Homework 1

Due Thursday, February 13 in class

Conceptual Exercises

These exercises can be turned in on paper in class.

Exercise 1

We have looked at 3 DAG structures (chains, forks, and colliders) and claimed that they are the building blocks of all DAGs. Is this true? We will verify this premise in this exercise.

Let’s start by considering all possible directed (not necessarily acyclic) graphs with 3 variables. (Three is the smallest number of nodes where any interesting structures can arise.) There are 27 of these graphs.

Draw all of these graphs with the aid of the expand.grid() function in R. First, look up the documentation for this function.

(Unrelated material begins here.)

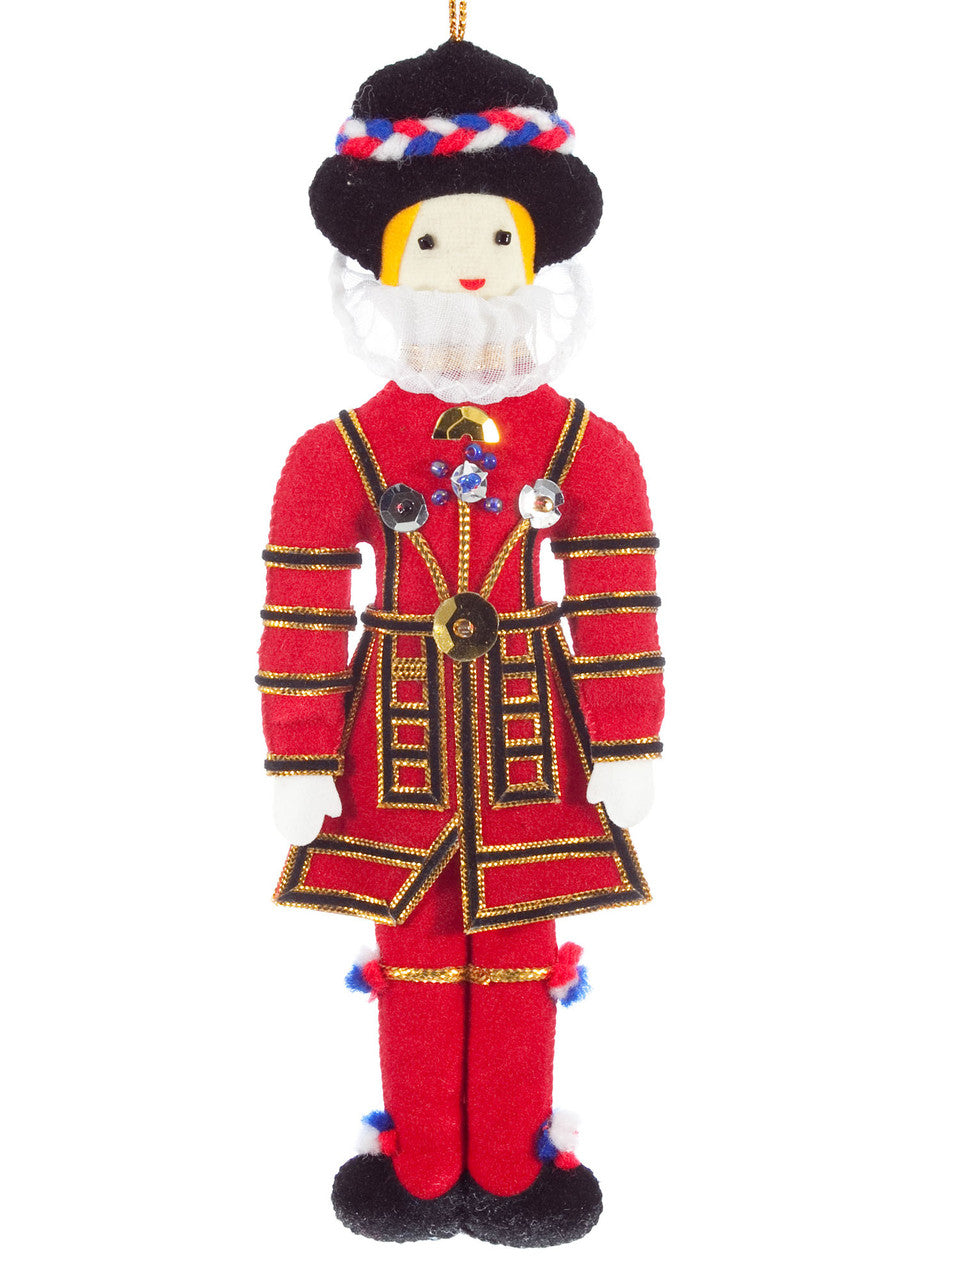 Beefeater Decoration by St. Nicolas.

Second, run the command below to get a sense for how the function can help you. For this part, display the 27 graphs, and provide a brief explanation of how expand.grid() helped.
```
expand.grid(
    X_to_Y = c("->", "<-", "absent"),
    Y_to_Z = c("->", "<-", "absent"),
    X_to_Z = c("->", "<-", "absent")
)
```
From your list of graphs, indicate which graphs can be eliminated because they are cyclic.
From your list of graphs, indicate which graphs can be eliminated because they are useless causal models.
In your list of graphs, some graphs are essentially the same. Group these together, and draw one representative graph from each group.
Briefly form a conclusion based on these investigations.

Exercise 2

PRIMER, Study question 2.3.1: Parts (c), (e), and (f). For parts (e) and (f), explain your thinking.

Exercise 3

PRIMER, Study question 2.4.1: Parts (a), (b), and (c). For part (b), only d-separate pairs of non-adjacent measured variables.

Simulation Exercises

On Moodle, turn these exercises in by submitting both your Rmd file and the knitted HTML.

For these exercises, ensure that your plots are well-labeled. Add the following to the ends of your plots to label your plots accurately:

+ labs(x = "x axis label", y = "y axis label", title = "overall plot title")

A refresher on facet_grid() that may be useful:

To form panels across columns by variable Y:
```
+ facet_grid(~ Y)
```
To form a grid of panels where rows correspond to X and columns to Y:
```
+ facet_grid(X ~ Y)
```
To form a grid of panels where rows correspond to X and columns to Y and Z:
```
+ facet_grid(X ~ Y+Z)
```
In case you’re curious about how to change the labeling of facet titles, see here.

(Optional) You may or may not find it helpful/enjoyable to use the gridExtra package for arranging your plots. Example use case:

library(gridExtra)
p1 <- ggplot(...) # Plot 1
p2 <- ggplot(...) # Plot 2
p3 <- ggplot(...) # Plot 3
p4 <- ggplot(...) # Plot 4

# To arrange the 4 plots in a 2x2 grid:
grid.arrange(p1, p2, p3, p4, ncol = 2, nrow = 2)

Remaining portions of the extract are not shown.